DIRECTIONS -
Take nothing but the lines from the one with "Close Up Senior" through the one with "TOD'S MEN'S XXM0XY0AY40RE0U820" in the entries below, both ends kept, and return them exactly with pictures left out.

*** DATA

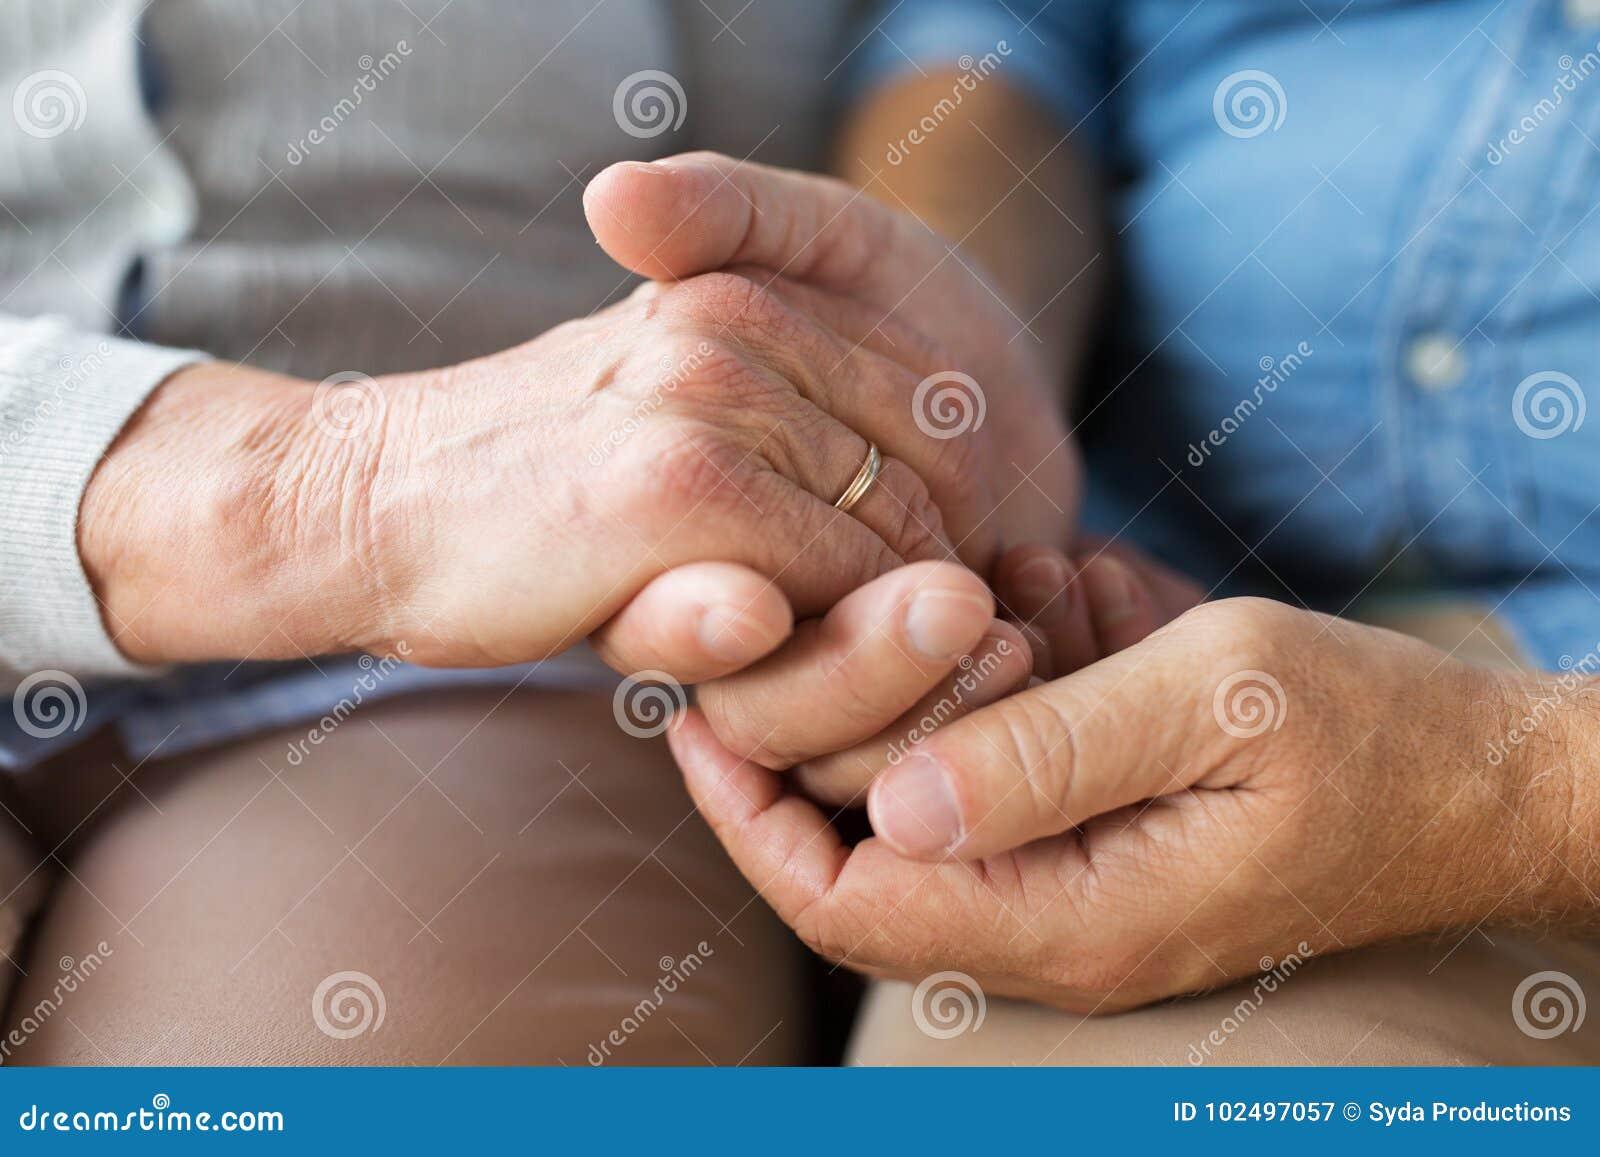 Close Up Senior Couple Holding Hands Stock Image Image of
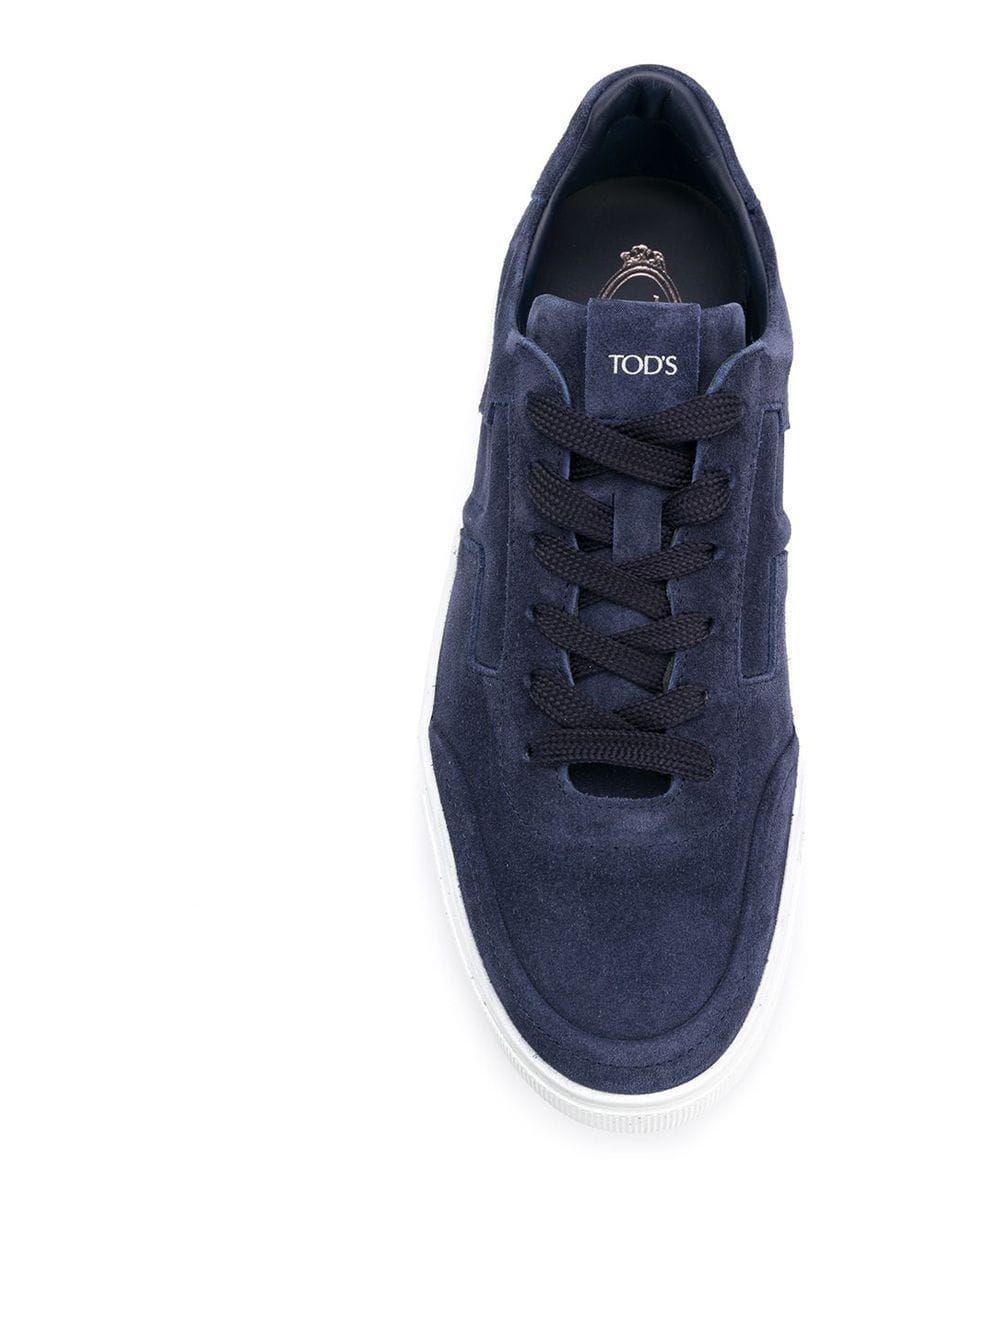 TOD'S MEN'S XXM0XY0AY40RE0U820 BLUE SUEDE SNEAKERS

******
*** DATA

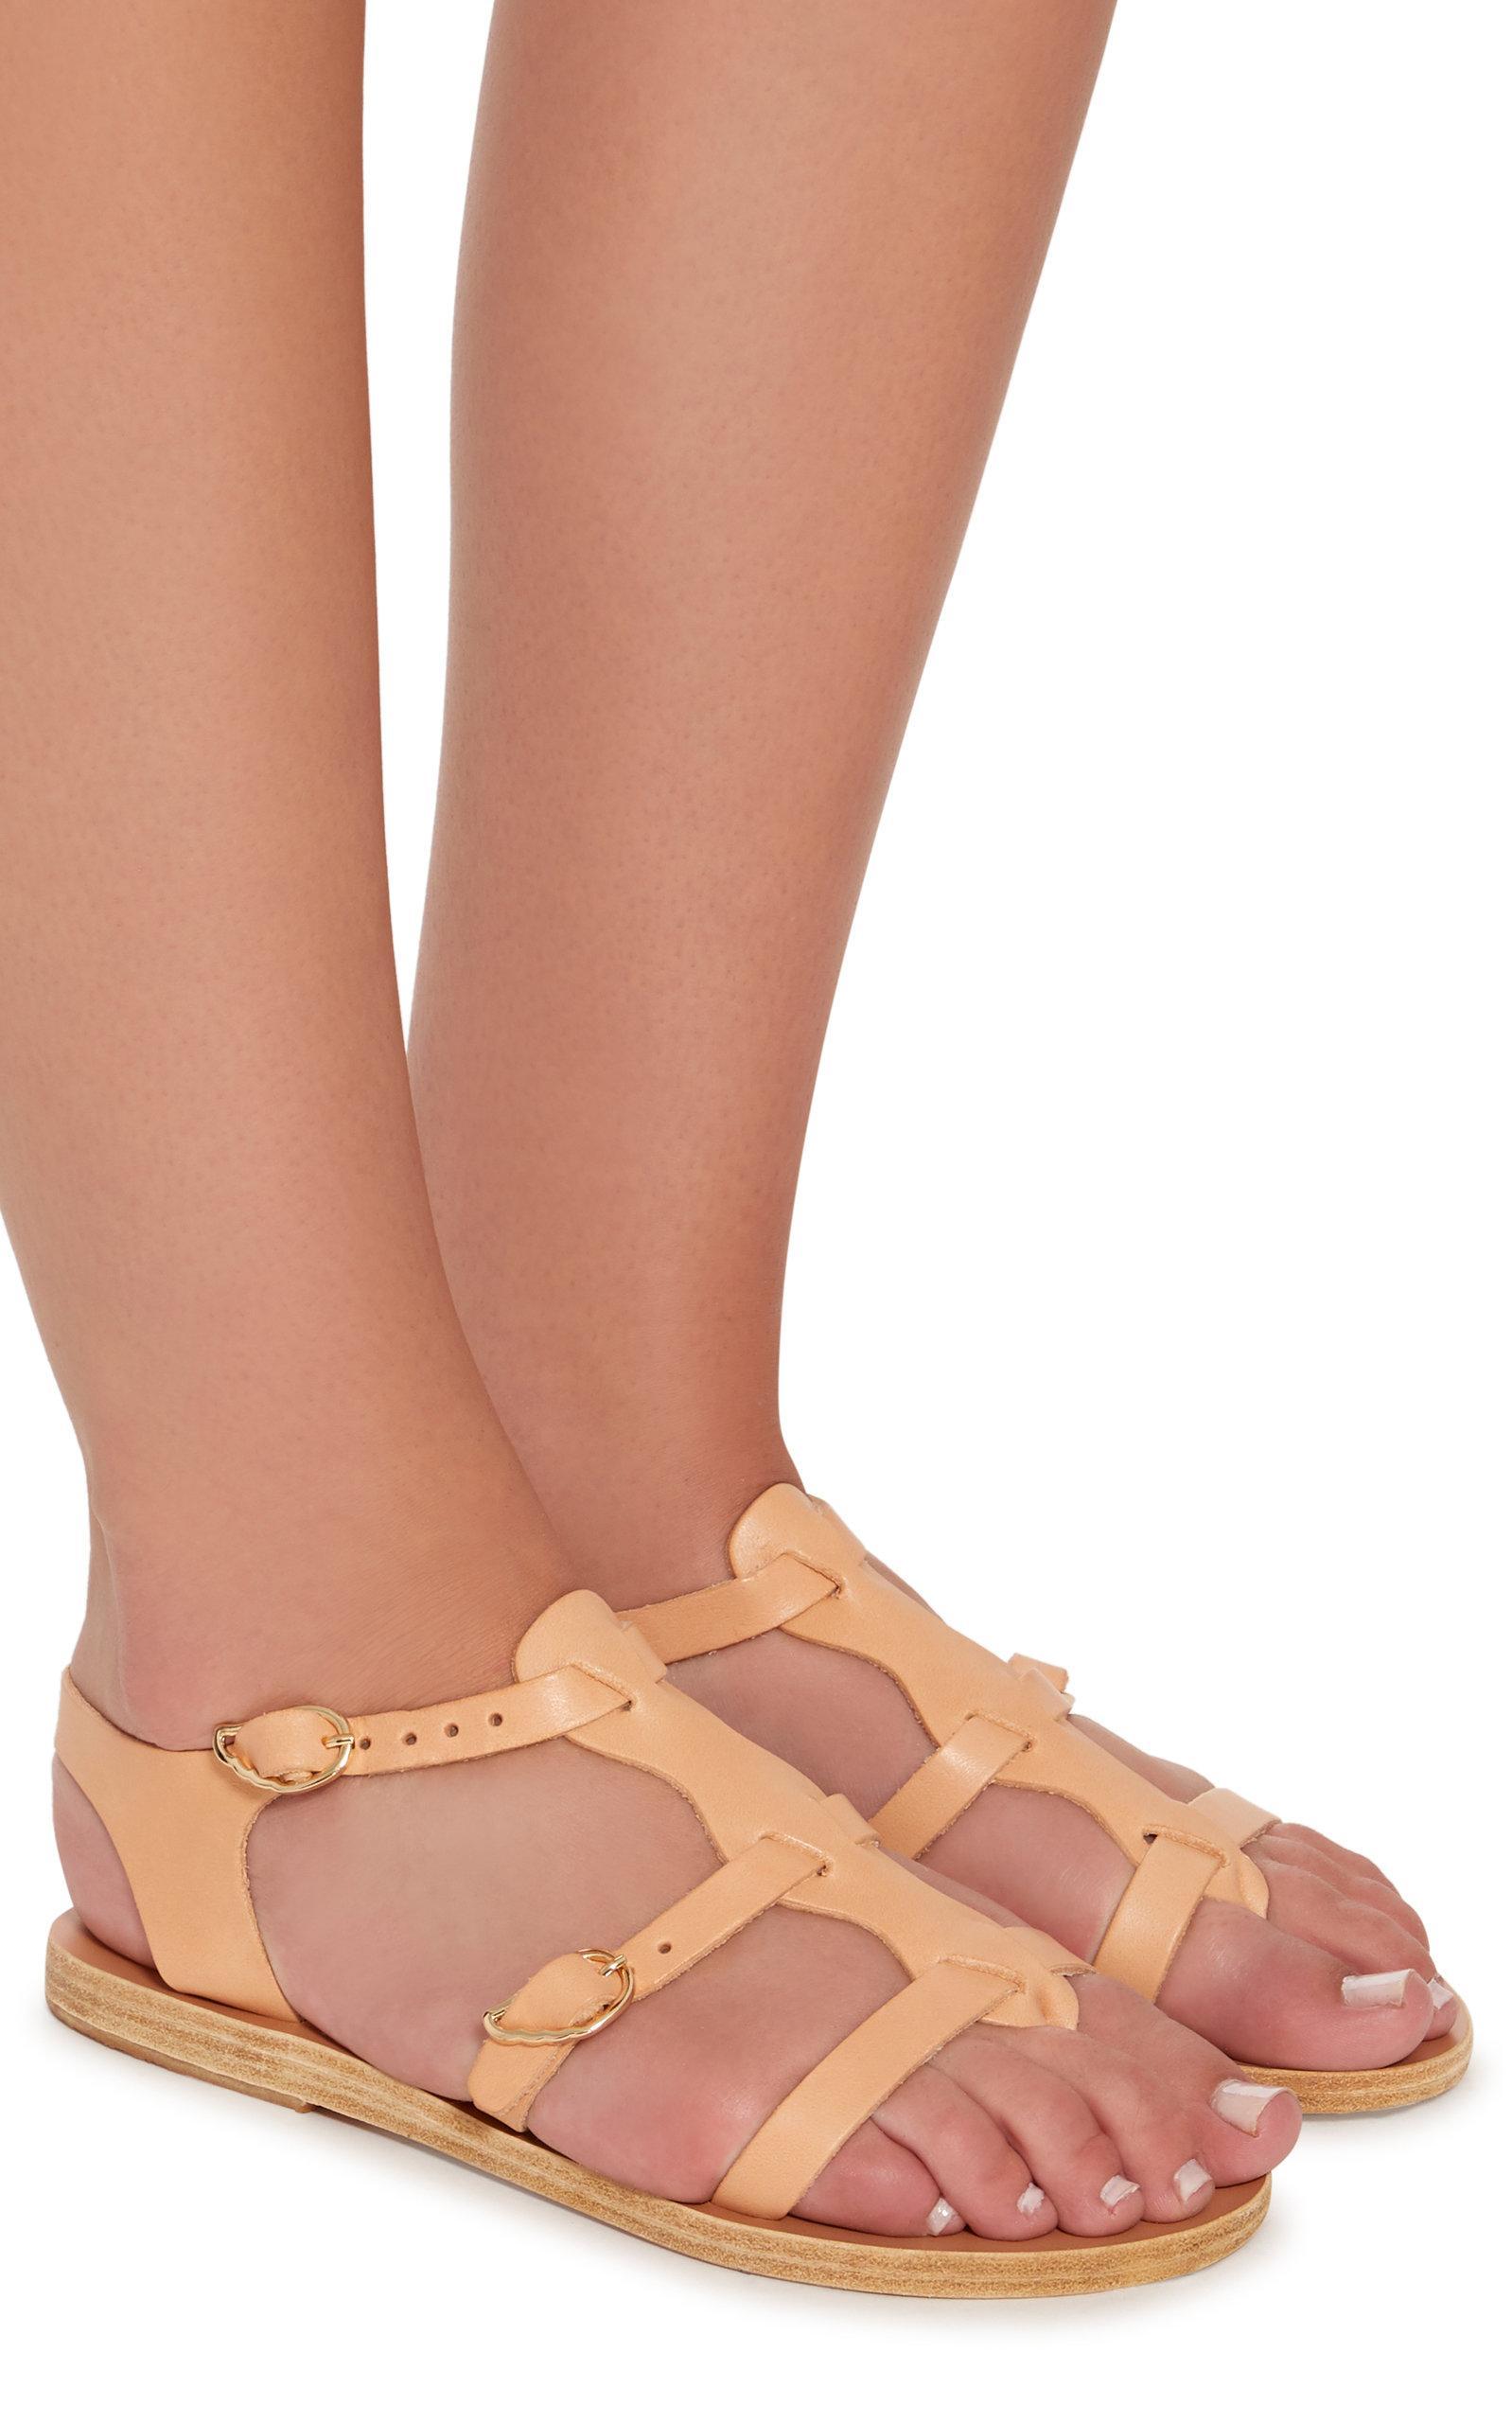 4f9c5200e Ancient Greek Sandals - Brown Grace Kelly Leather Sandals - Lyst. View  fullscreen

******

RESULT -
 Close Up Senior Couple Holding Hands Stock Image Image of
 TOD'S MEN'S XXM0XY0AY40RE0U820 BLUE SUEDE SNEAKERS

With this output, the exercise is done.